「グレーな私」
切っ掛けは「ガールズトーク」だった。
取り留めのない話で終始盛り上がっていたが、その中の一人が発した言葉が未だに忘れられない。
ある意味私の思想に影響を与えた言葉でもあり、良くも悪くも「グレーな私」を象徴している。
その言葉というのは、「中絶は女性の権利である」。
当時の私が全面的に賛同したか否かは定かではないけど、少なくともその場にいた女性たちは誰一人異議を唱えなかった。
その言葉に込められた“覚悟”を感じ取っていたからだろう。
もっとも、額面どおりに受け取る人なら「それはちょっと…」と眉を顰めるに違いない。
その頃付き合っていた男性もその一人で、「どういう事情があるにせよ、体内に宿った命を堕胎することは決して許されるべき行為ではない」と強硬に主張した。
似非クリスチャン(本人はキリスト教を信仰していると主張していたが、洗礼を受けているわけでもなければ、クリスチャンに準じた生活を過ごしていたわけでもない)としては当然の発言で、しかも「君がそういった思想を抱いていること自体が許せない」とまで言い放った。

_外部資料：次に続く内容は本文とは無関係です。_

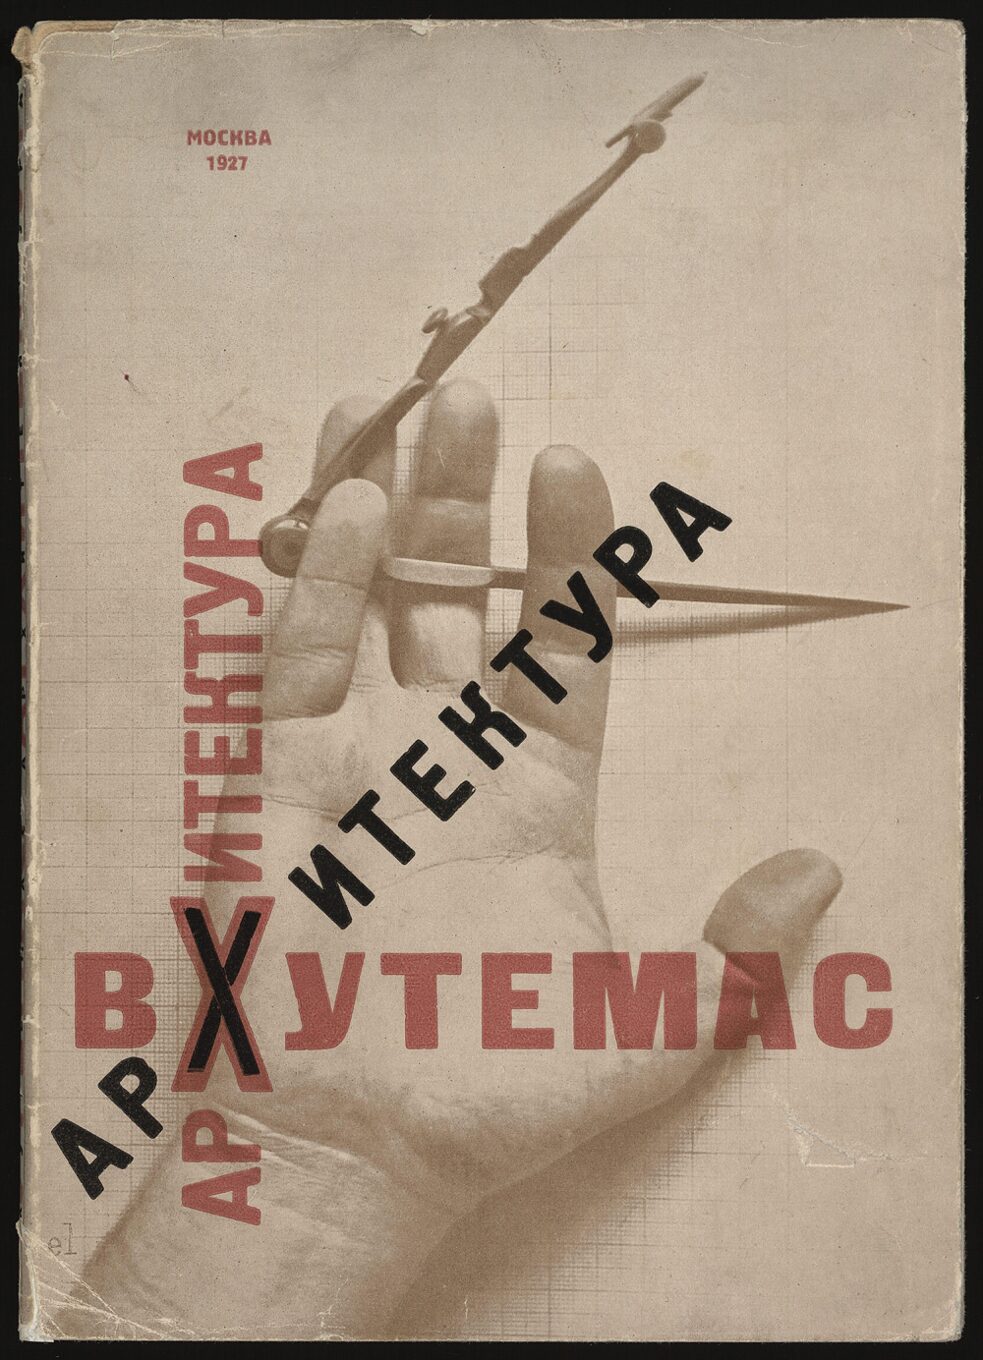 <i>Die Hand des Konstrukteurs</i>. Gestaltung des Einbands der Publikation von Arbeiten der Architekturfakultät der WChUTEMAS (Höhere Künstlerisch-Technische Werkstätten). 1927.

おいおい、気持ちはわからなくもないが、それはちょっと言い過ぎだろ?
信仰に自由があるように、思想にも自由がある。
私があなたの信仰を受け容れるように、あなたもまた、私の考え方を受け容れるべきではないか?…と、今の私であれば務めて冷静に反論しただろう。
若かった私は血の気も多く、それこそ不快感を露にして異議を唱えたに違いない。
不幸にして「望まぬ妊娠」をしてしまった時、最後の選択として「中絶」は認めざるを得ないでしょう、と。
勿論それ以前に心がけるべき点は幾つもあるし、最大限の注意を払ってもなお、そうした事態に陥ることもあるでしょうよ、と。
(実際には極端な例も挙げていたと思う)
私個人は人工中絶に対して否定的な考え方を持っているが、だからといってこれを禁止すべきだと主張する気は毛頭ない。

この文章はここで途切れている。